Исследователь Центра изучения наук о развитии Кембриджского университета (Великобритания) Чокан Лаумулин о том, какие открытия изменят индустриальную картину мира, какую роль здесь играют страны Евразийского союза, почему в ЕАЭС следует делать ставку на фундаментальные исследования и, прежде всего, физику, а также о том, как в закрытых советских НИИ изобретали интернет.
— Для начала хочется понять, чем в современном мире измеряется состояние науки в разных странах? Обычно в публицистике начинают сравнивать число Нобелевских лауреатов, ссылок в реферируемых журналах, позиции вузов в мировых рейтингах.
— Лишь Нобелевскими премиями состояние науки нельзя измерить. Это достаточно условный показатель. Ни аль-Хорезми, ни Исаак Ньютон, к примеру, не были и не могли бы стать Нобелевскими лауреатами по понятным причинам, но вклад этих личностей в развитие нынешней науки переоценить невозможно. Без алгоритма и алгебры, названных в честь аль-Хорезми, или формулы Ньютона-Лейбница невозможен сегодняшний цифровой мир.
Абсолютно объективных критериев при присуждении Нобелевской премии не существует. Равно как и в оценке успешности того или иного вуза, говоря об образовании. Приведу простой пример: чуть ли не единственный российский вуз, попадающий в мировые рейтинги – это МГУ. При этом, на деле выпускники естественно-научных факультетов МГУ и многих других российских вузов легко находят работу в ведущих мировых научных центрах уже на последнем году обучения.
— На Ваш взгляд, какие главные научные задачи стоят перед государствами ЕАЭС?
— Один из самых первых и главных вопросов в ЕАЭС – воссоздание благоприятной среды для развития ученого и науки.
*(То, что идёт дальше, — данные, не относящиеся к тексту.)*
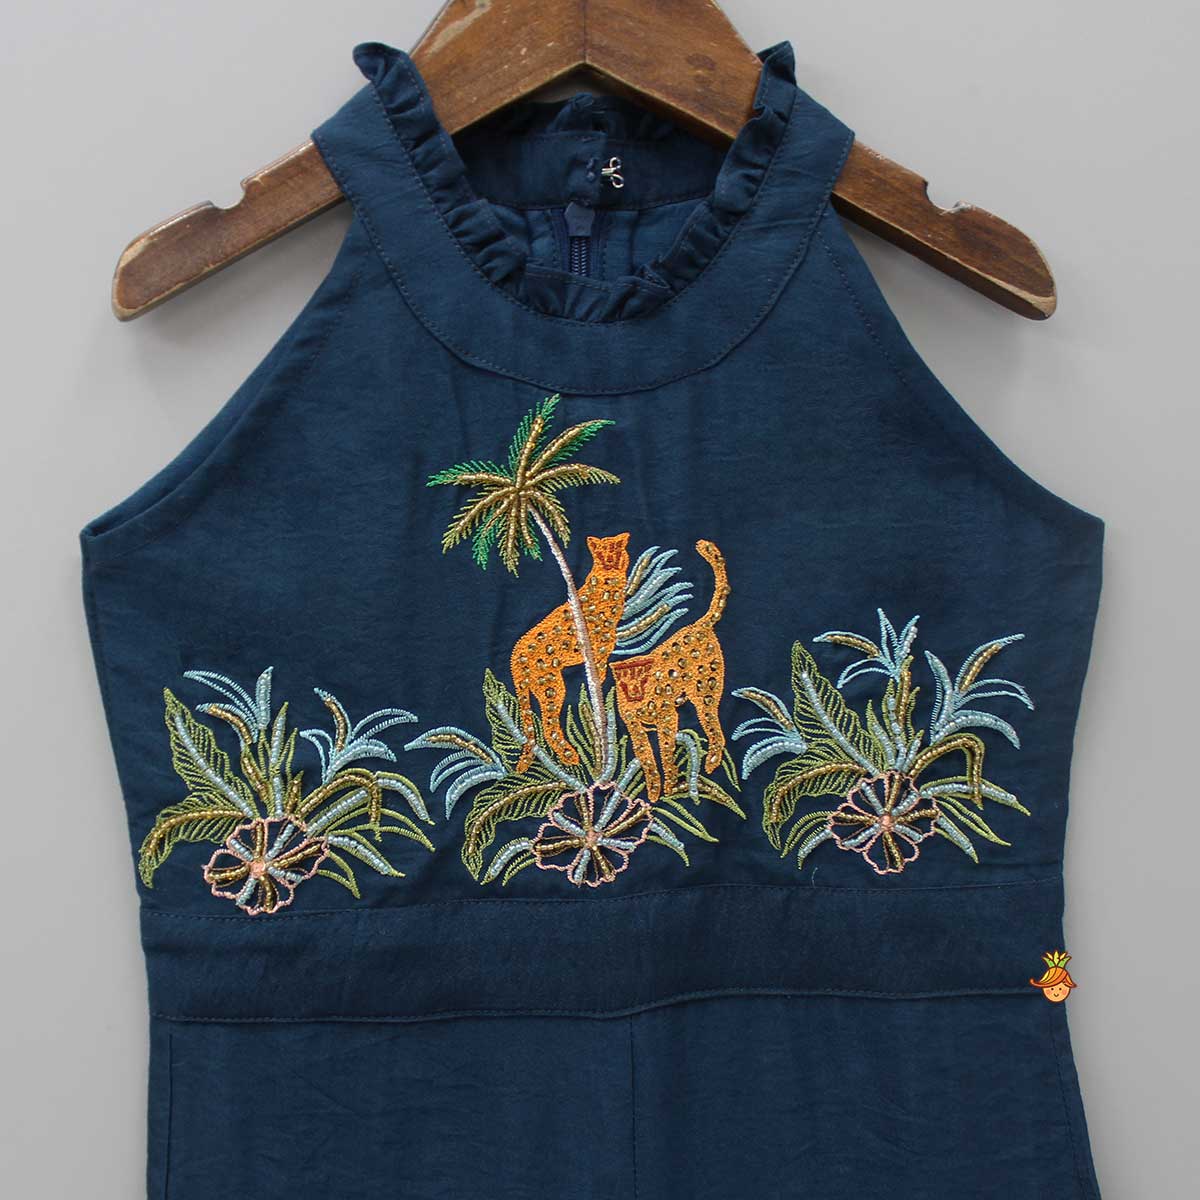 Blue Embroidered Yoke Jumpsuit

Как это сделать сейчас? Во-первых, повторить принципы, с помощью которых удалось достичь успехов в Советском Союзе, только в новых условиях. Нужно сохранять открытость системы, поскольку для развития научной среды крайне важны универсализм и связи с другими научными центрами. Также надо создавать более привлекательные условия для развития молодежи и ее мышления.
Здесь, конечно, ключевыми странами выступает ядро ЕАЭС – Россия, Беларусь и Казахстан. Пример Беларуси, на мой взгляд, очень актуален, так как там удалось сохранить лучшее из советского наследия. Пример Казахстана немножко, к сожалению, обескураживает – Академия наук была фактически закрыта более 10 лет назад. Наличие нескольких институтов, выживающих в составе коммерческих организаций, пускай и государственных – не самый хороший подход к обращению с наукой.
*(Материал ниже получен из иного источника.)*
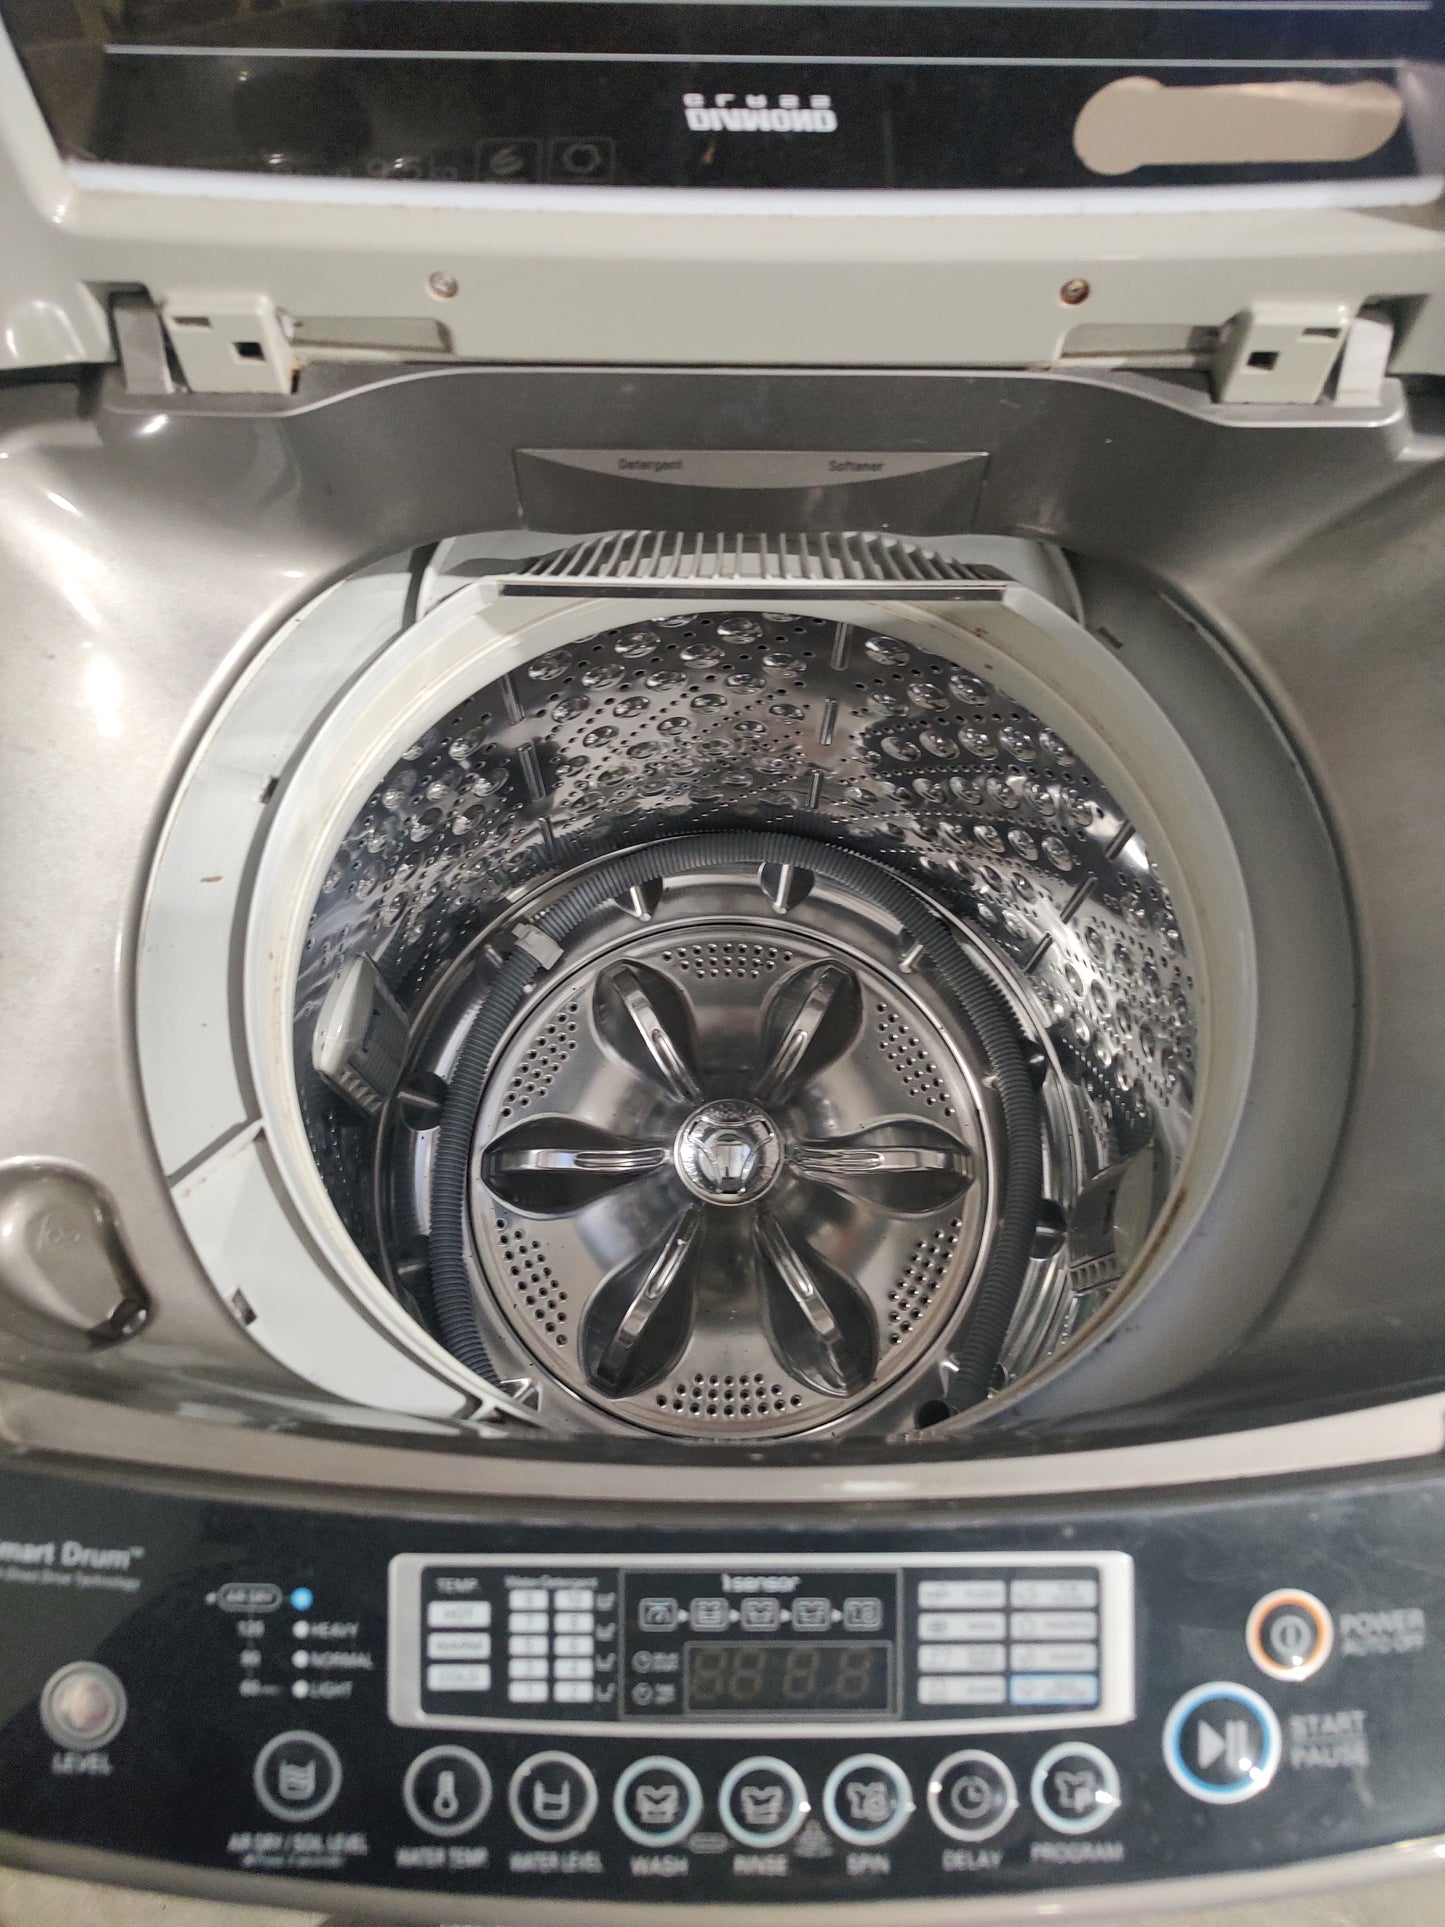 LG WTH9556 9.5kg Top Load Washing Machine

В этом плане я всем рекомендую прочесть письма физика Петра Капицы, собранные в книге «Письма в Кремль». Она содержит лучшие из 300 писем, написанных Капицей руководству СССР, от Сталина до Брежнева. Петр Леонидович очень подробно, детально и доступным языком делится тем, на каких принципах функционирует наука, как она организовывается, как взаимодействует с производством. Капица хорошо расписал приоритет науки над формами материального производства, примат мысли над реальностью. Также позволю себе порекомендовать книгу Капицы «Эксперимент, теория, практика».
Если посмотреть на те же Нобелевские премии, то из полутора десятка премий, полученных СССР-Россией, большинство – в области физики. Так что даже используя такой несовершенный критерий как Нобелевские премии, ясно, что концентрация усилий на физике и смежных дисциплинах для России и других членов ЕАЭС будет важным приложением и способом создания новой индустриальной реальности.
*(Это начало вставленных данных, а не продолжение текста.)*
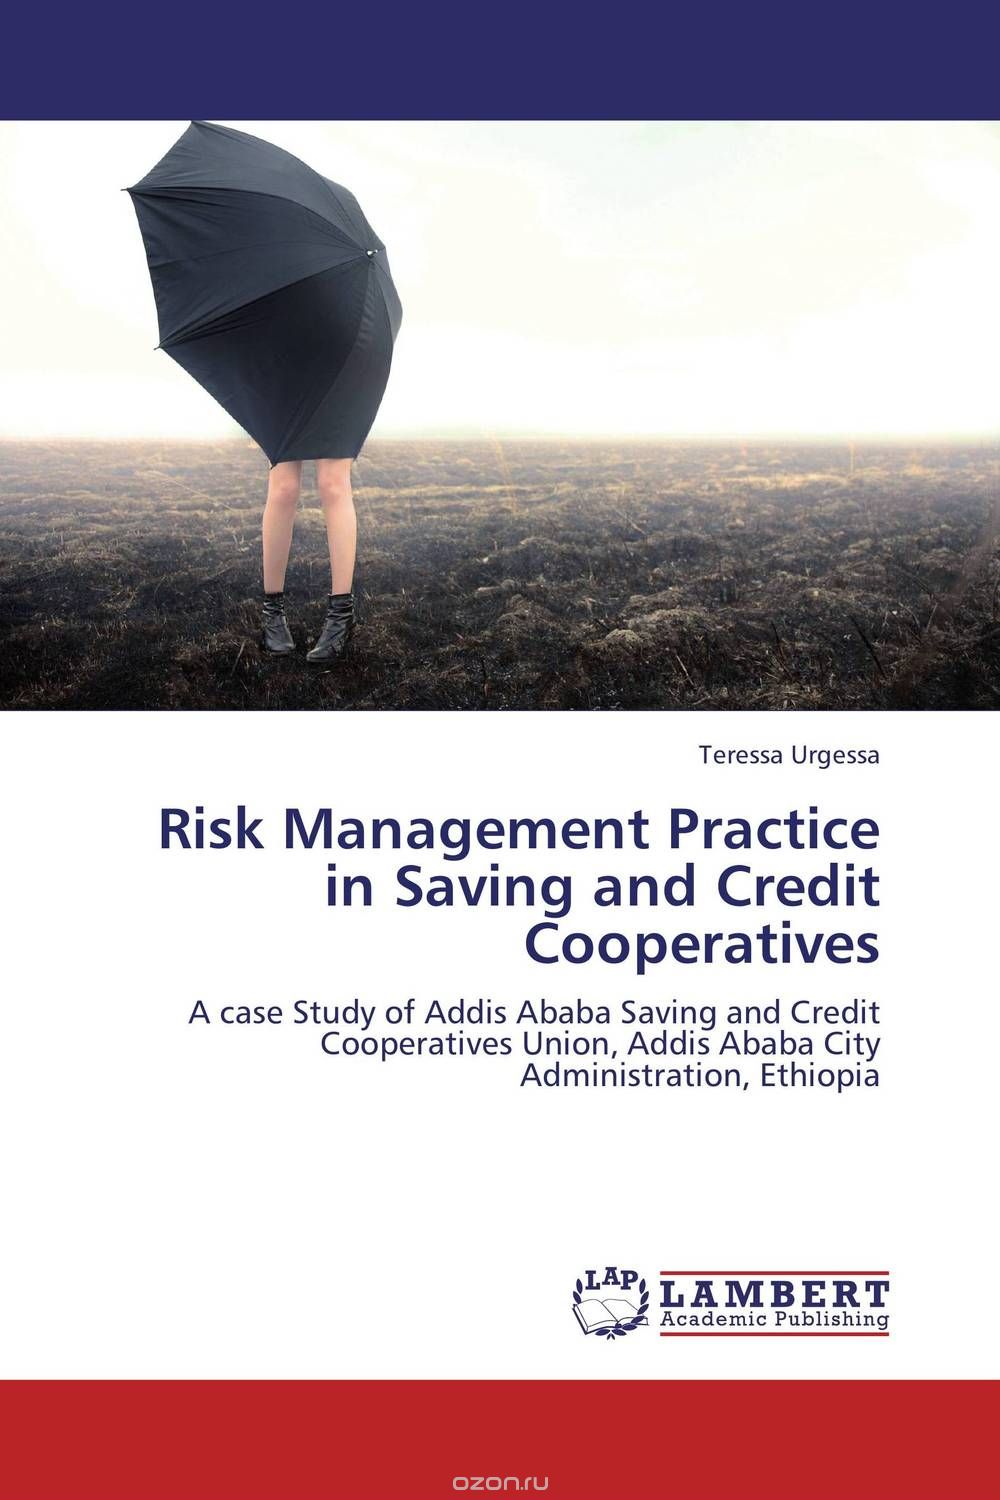 Скачать книгу "Risk Management Practice in Saving and Credit Cooperatives"

Речь идет о создании научного ядра промышленности для появления и развития новых индустриальных направлений. Я считаю, что происходящая сейчас коммуникационная IT-революция – предтеча и составная часть начавшейся революции.
В чем смысл подобных сдвигов в человеческом развитии? Если в порядке ретроспективы посмотрим на 200 лет назад, лишь одно открытие – создание парового двигателя – изменило геополитику, международные отношения, социум, экономику всего XIX века и определило его ход.
И, к примеру, три открытия, среди прочих, предопределили историю XX века – открытие электрона Джозефом Джоном Томсоном, внедрение двигателя внутреннего сгорания и внедрение электричества в повседневную и индустриальную жизнь. Это вместило в себя исследование космоса, развитие нефтедобычи, борьбу за сырье, ядерное противостояние, расцвет электронной промышленности и так далее, вплоть до развития новых глобально-доминантных форм культуры, таких кинематограф, телевидение и музыка. Сейчас десятки новых открытий, происходящих на наших глазах, вновь полностью изменят индустриальную картину мира.
К примеру, только следующие три направления могли бы полностью изменить ландшафт Евразийского союза. Первое: развитие некремниевой электроники. Второе: сверхпроводимость. Третье: развитие криогеники.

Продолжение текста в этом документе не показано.